To avoid criticism say nothing, do nothing, be nothing. -Aristotle

In the span of about 15 minutes, and all before 8 o’clock in the morning, I was given the following feedback today:

1. My post yesterday rambled a bit much
2. I allowed old thinking to creep in, and, as a result, I interacted with my family in a negative way
3. I look odd… and, as a follow-up, some helpful advice: perhaps I should apply make-up before I go into the outside world

(To be fair, #3 came from a 10-year old boy)

In the spirit of comparing self to self, here’s how the “old me” would have handled the feedback: I would have been self-righteously indignant about the first, would have self-righteously dismissed the second, and would have self-righteously retaliated against the third for the rest of the day.

Here’s how the “new me” can, and will, handle this feedback. First, I will not lump them all together and decide that the day is doomed. Instead, I will look at them as individual pieces of information, and decide what to do with each. I will recognize that I regularly ask for feedback with my writing, and I will genuinely take the advice in the spirit in which it was given, and use it to improve my blog going forward.

With the second, I will consider the information, and whether or not I agree with the conclusion, I will accept that we are all entitled to our opinion, and I will respect it for that reason alone.

With the third, I will laugh my ass off, because he is absolutely correct!

Most important, I will see that when a chain of events is happening, they are happening for a reason, and I need to look inward and figure out what is going with my thoughts, feelings and behaviors, since they are the only thing I can control. As I may have mentioned once or twice, there are no coincidences, so I believe that God wants me to figure something out, and, if I choose to ignore this suggestion, the events will continue to happen until I do.
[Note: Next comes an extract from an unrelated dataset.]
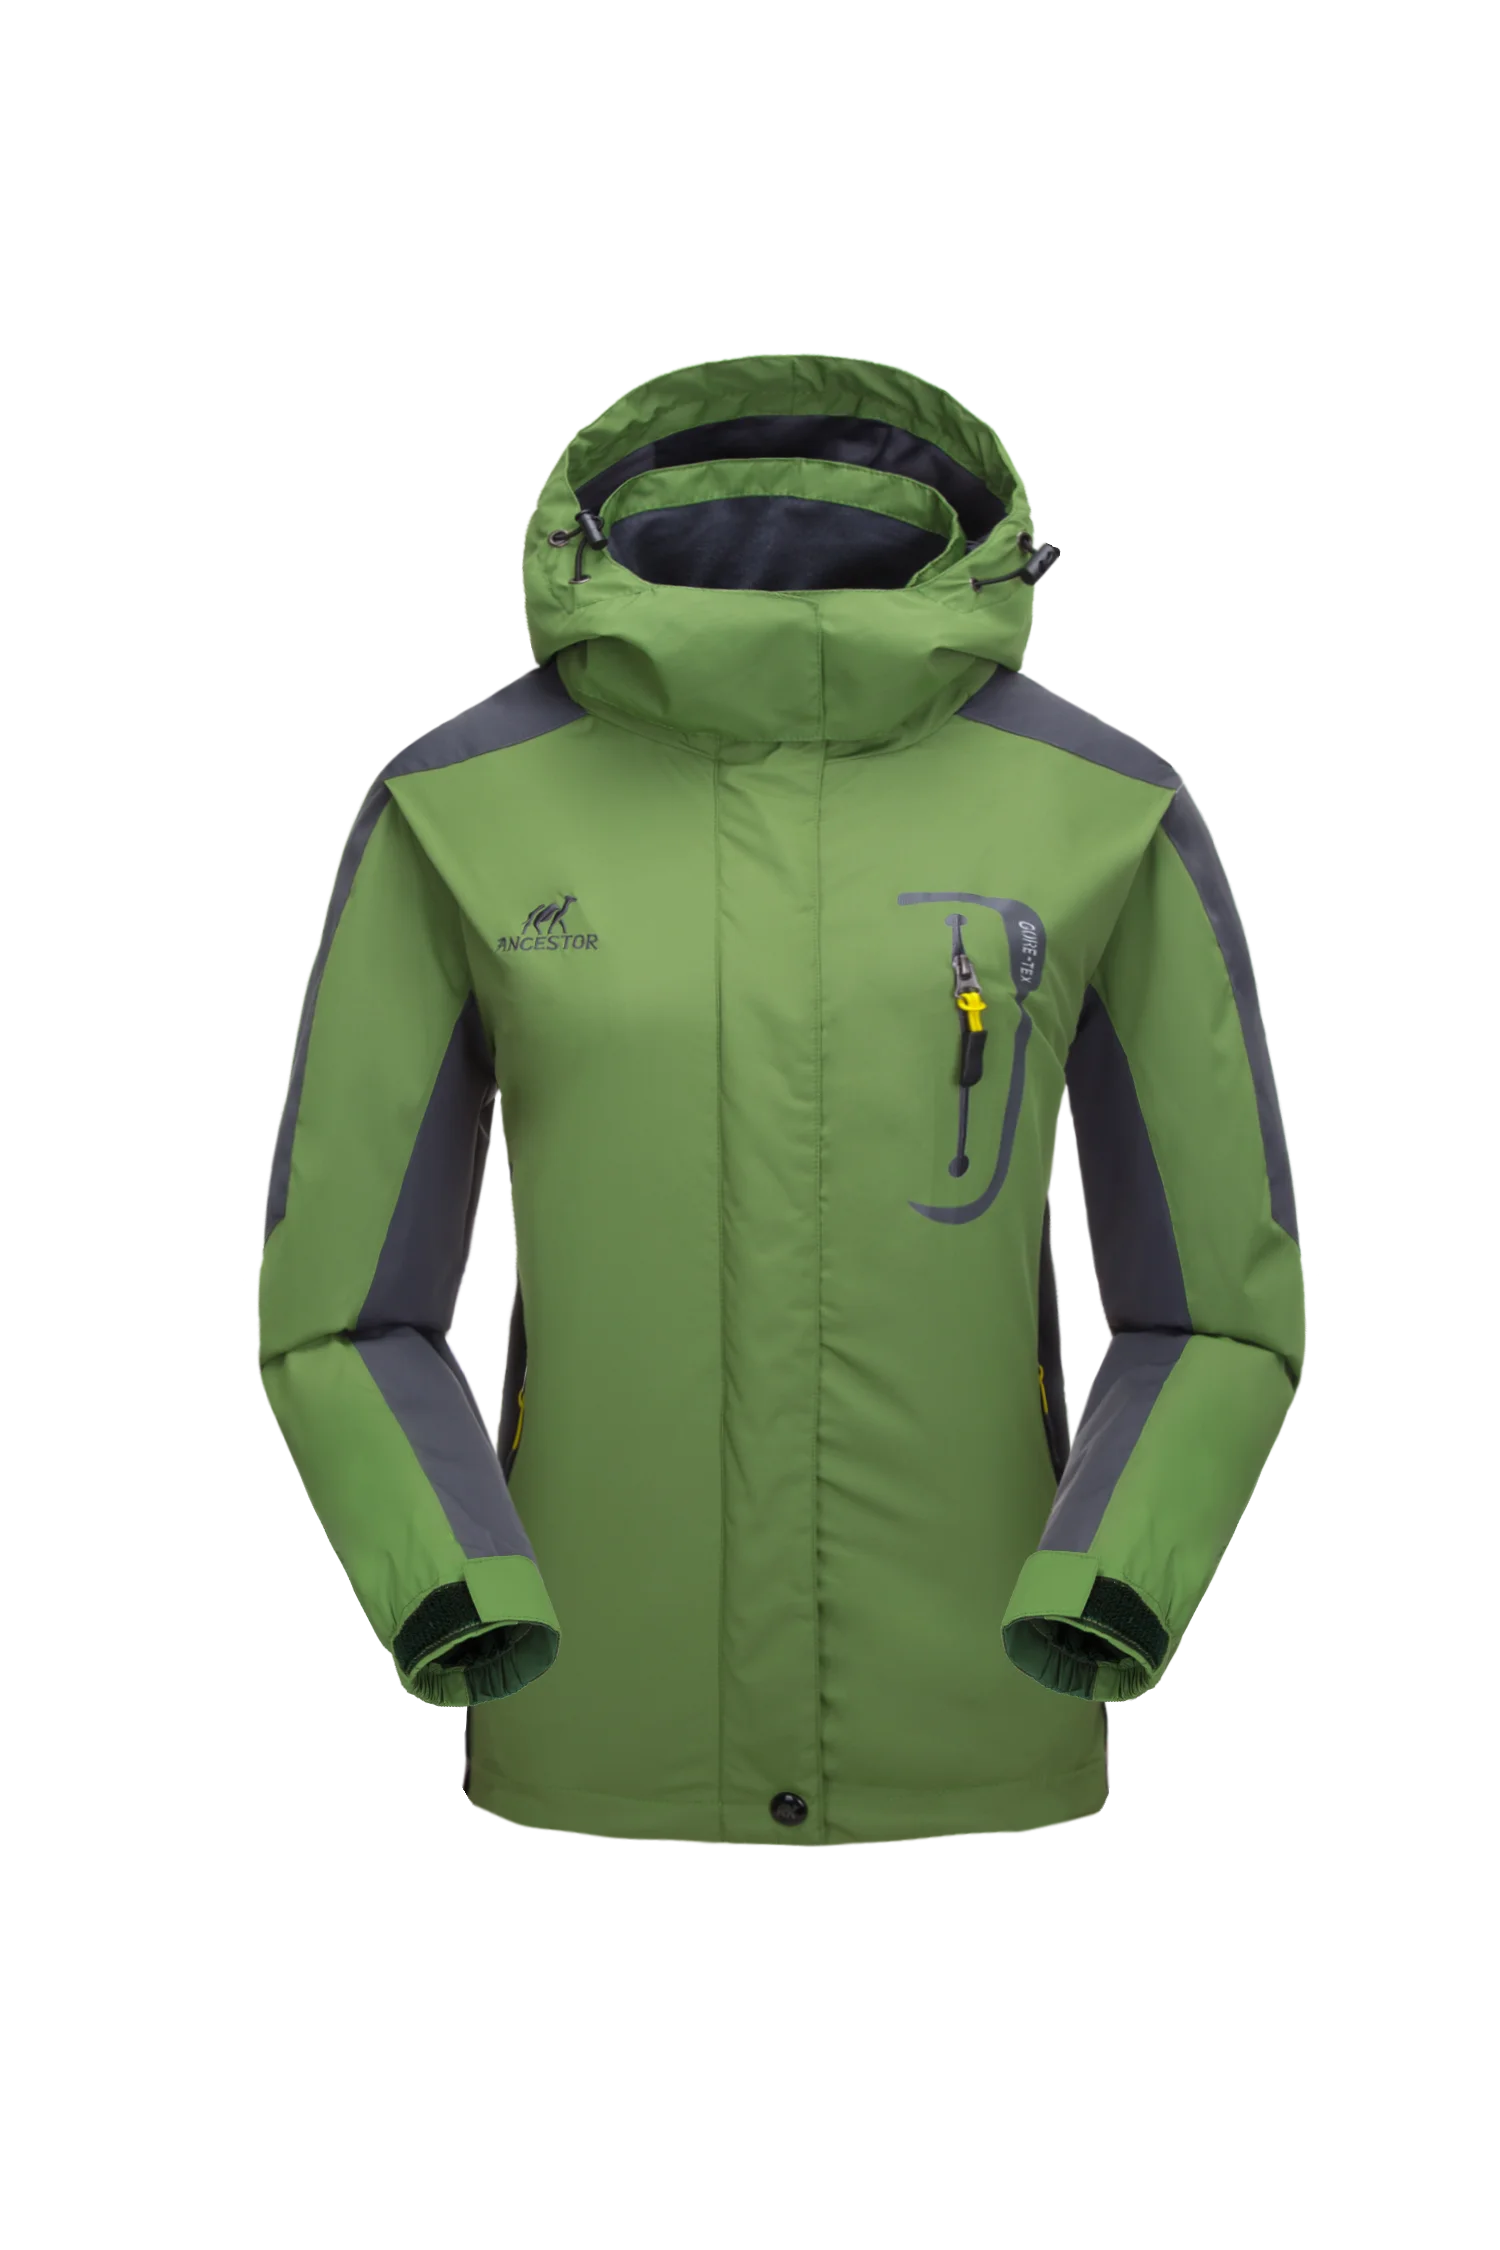 Женская уличная походная горная куртка, пальто, верхняя одежда, ветровка, спортивная одежда, спортивный костюм, свитер, спортивные блейзеры 8898 - Цвет: Зеленый

Now I need to go upstairs and put on some make-up!

Today’s Miracle:

The candor and perspective of a 10-year old boy (and the fact that I can laugh at it) qualifies as a miracle.

Posted on February 21, 2013, in Recovery and tagged , , , , , , , , , , , , , . Bookmark the permalink. 4 Comments.

  1. Victoria Holland

    I think you look pretty w/out make up! Don’t listen to that kid! J

    Miss you!

    Victoria Holland

    Materials Manager

    Philip Rosenau Company

    215-956-1980 x120

    fax- 215-956-0864


  2. I can so much identify with what you’re saying here – both the “old you” and the you that you’re trying to be. I am definitely guilty of grouping things together, and I appreciate that you say you will *not* group those three criticisms together and let it snowball. Thank you for this post and these gentle reminders! – Caitlin.


  3. Well said! I loved it. It’s amazing how a simple (well, simple to us *now*) yet powerful shift in our perception sets us up for a learning experience rather than a trip on the resentment train. As alcoholics, selfishness and self-centeredness ruled us, and our ego ran the show. So any sort of criticism was a set up for lashing out, accusations and defense mechanisms to flare up. I know I would have done a lot of damage to myself, shredding my self-esteem (what little there was) to bits to prove that those people were *right*. Then drink *at* them (“I’ll show them…” blah blah blah).

    What a way to live now…with a pause to reflect, tuck away ego, and see where God is leading us.

    Thank you for this wonderful post.



  4. i’ve often said: Coincidence is the language of God.